1. **Load period means**
   - Define data
   - Load the preprocessed data
2. **Compute BGWS and Ensemble Mean Change**
   - Compute ∆BGWS and the associated ensemble mean changes
   - Subdivide the dataset by BGWS regimes
3. **Regression Analysis**
   - Perform multiple linear regression using selected predictors
   - Evaluate model performance and calculate permutation importance
4. **Plot Permutation Importance**
   - Visualize feature importance with directional insight (Fig. 3 b & d / Supplementary Fig.

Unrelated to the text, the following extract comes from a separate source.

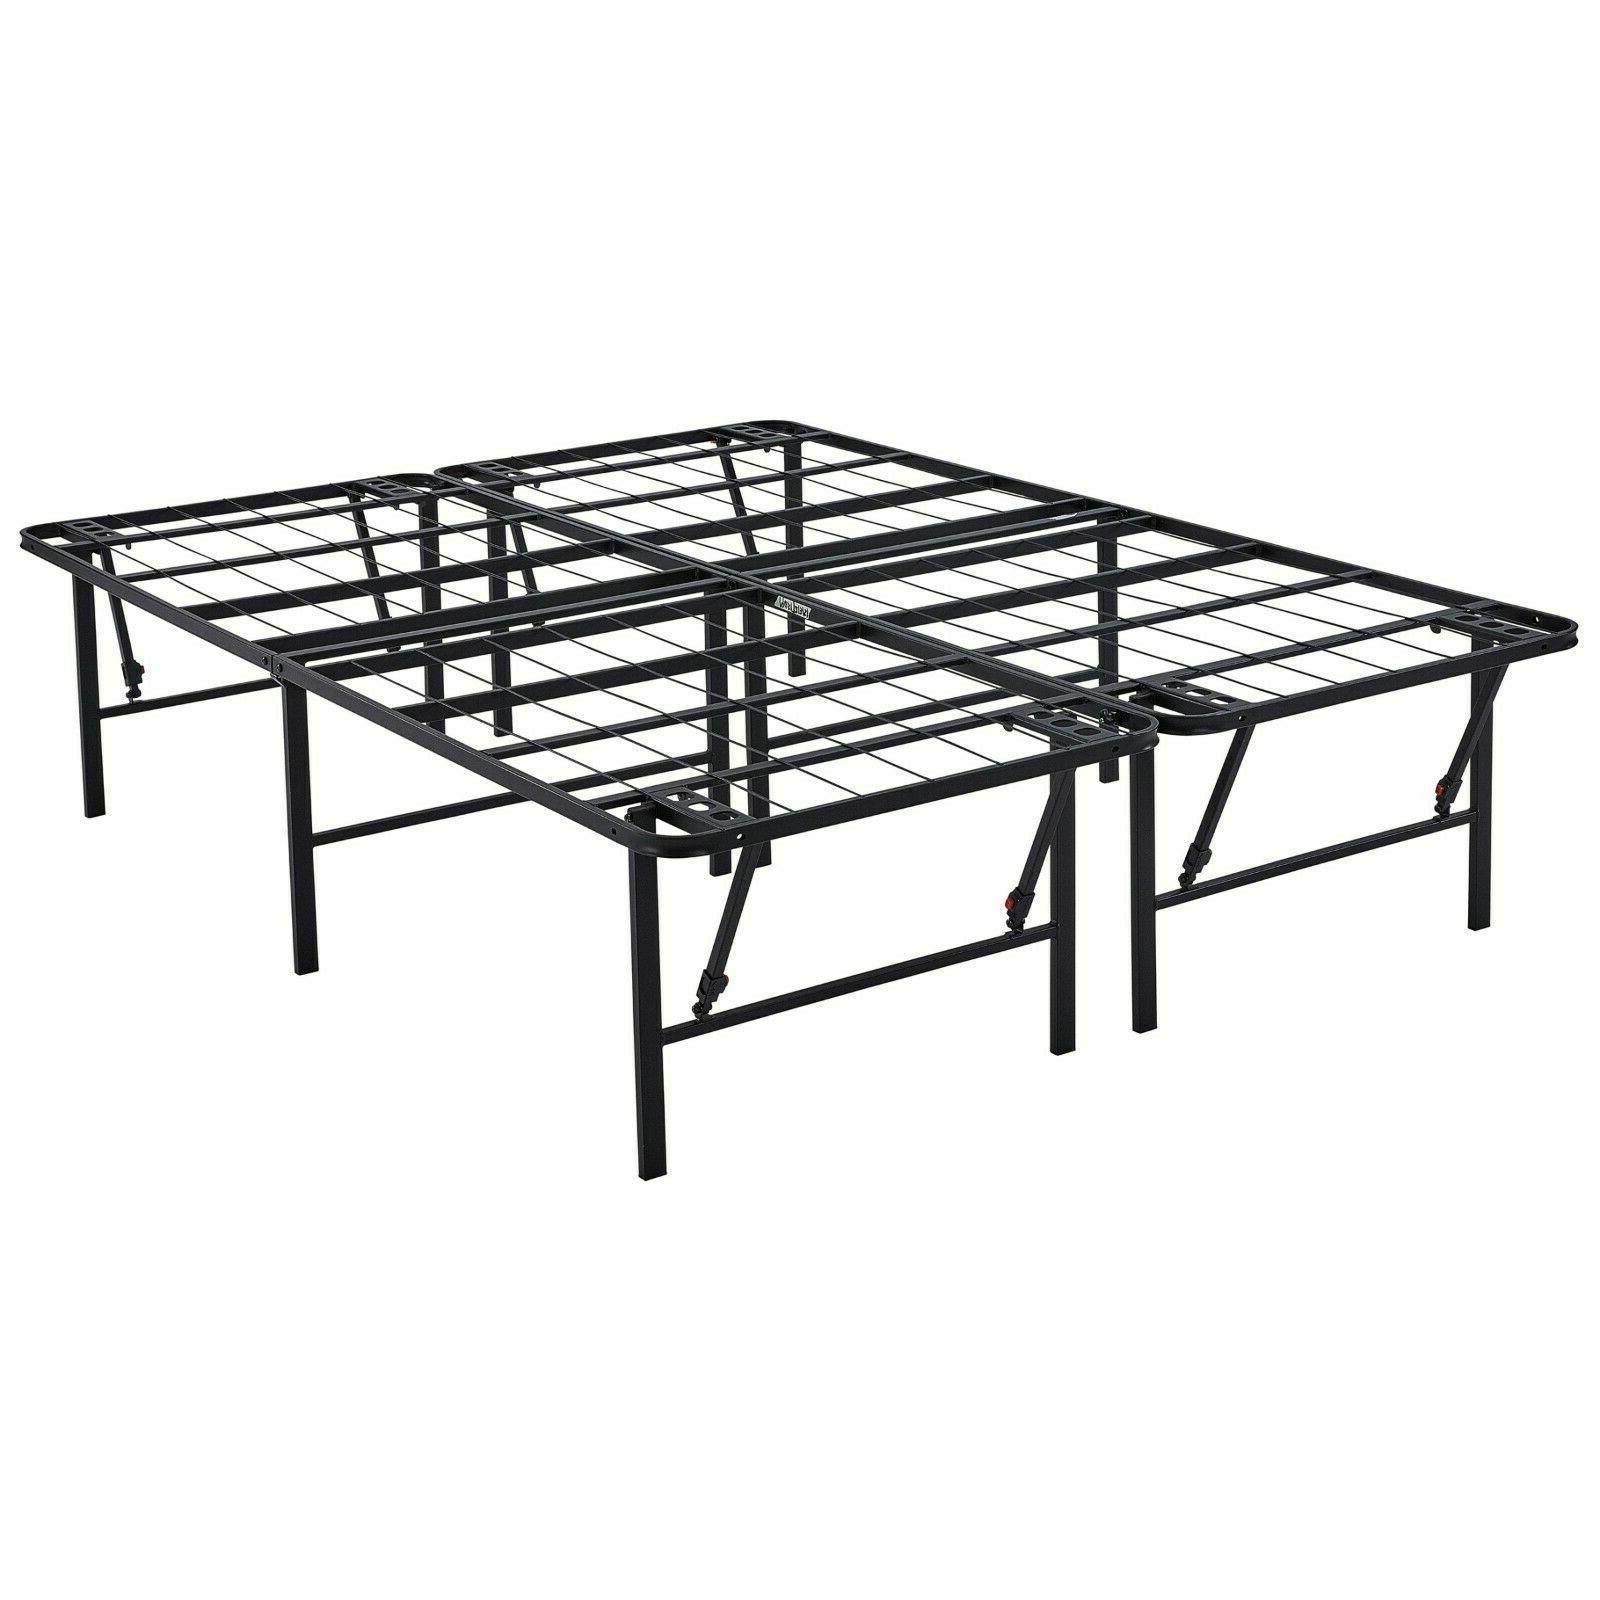 18 Inch Platform Bed Frame High Profile Foldable Mattress St

S4)
5. **Random Forest Analysis**
   - Define hyperparameter grid for random forest models
   - Get the optimal hyperparameters with highest R2 in both datasets. Max. distance between training and testing data is 10% of R2
   - Define best hyperparameter set for the blue and green water regime and compute the SHAP values
6. **Plot Shap Values for Random Forest Models (Supplementary Fig. 8)**
   - Visualize SHAP values for the training and testing dataset of both regimes

In [None]:
# ========== Import Required Libraries ==========
import sys
import dask
from dask.diagnostics import ProgressBar

In [None]:
# ========== Configure Paths ==========
# Define the full path to the directories containing utility scripts and configurations
config_file = '../../src'
data_handling_dir = '../../src/data_handling'
data_analysis_dir = '../../src/analysis'
data_vis_dir = '../../src/visualization'

# Add the directories to sys.path
sys.path.append(config_file)
sys.path.append(data_handling_dir)
sys.path.append(data_analysis_dir)
sys.path.append(data_vis_dir)

# Import custom utility functions and configurations
import load_data as load_dat
import process_data as pro_dat
import regression_analysis as reg_analysis
import regression_analysis_results as reg_results
import compute_statistics as comp_stats
import regression_analysis_rf as rf_analysis

#import data directory
from config import DATA_DIR

In [None]:
# ========== Define Font Style ==========
import matplotlib.pyplot as plt
plt.rcParams['font.family'] = 'Nimbus Sans'

### Step 1: Load Period Means

In [None]:
# Step 1.1: Define the datasets
experiments = ['historical', 'ssp370']
models = ['BCC-CSM2-MR', 'CESM2', 'CMCC-CM2-SR5', 'CNRM-CM6-1', 'CNRM-ESM2-1', 'CanESM5', 
          'IPSL-CM6A-LR', 'MIROC-ES2L', 'MPI-ESM1-2-LR', 'NorESM2-MM', 'UKESM1-0-LL']
variables=['pr', 'tran', 'mrro', 'vpd', 'mrso', 'lai', 'wue', 'RX5day']

In [None]:
# Step 1.2: Load the datasets
print("Loading period means...")
with ProgressBar():
    ds_dict = dask.compute(
        load_dat.load_period_mean(
            DATA_DIR, 'processed', experiments, models, variables
        )
    )[0]

### Step 2: Compute BGWS and Ensemble Mean Change

In [None]:
# Step 2.1: # Compute BGWS for both periods and ensemble mean for the historical period
ds_dict = pro_dat.compute_bgws(ds_dict)
ds_dict['historical'] = comp_stats.compute_ensemble_statistic(ds_dict['historical'], 'mean')

In [None]:
# Step 2.2: Compute change dictionaries and ensemble mean
ds_dict_change = pro_dat.compute_change_dict(ds_dict)
ds_dict_change['ssp370-historical'] = comp_stats.compute_ensemble_statistic(ds_dict_change['ssp370-historical'], 'mean')

In [None]:
# Step 2.3: Subdivide data by regimes and get final subdivided ensemble mean change dataset
ensemble_mean_change_sub = pro_dat.subdivide_ds_by_regime(ds_dict['historical']['Ensemble mean'], 
                                                      ds_dict_change['ssp370-historical']['Ensemble mean'], 'historical', 'ssp370-historical', 'bgws')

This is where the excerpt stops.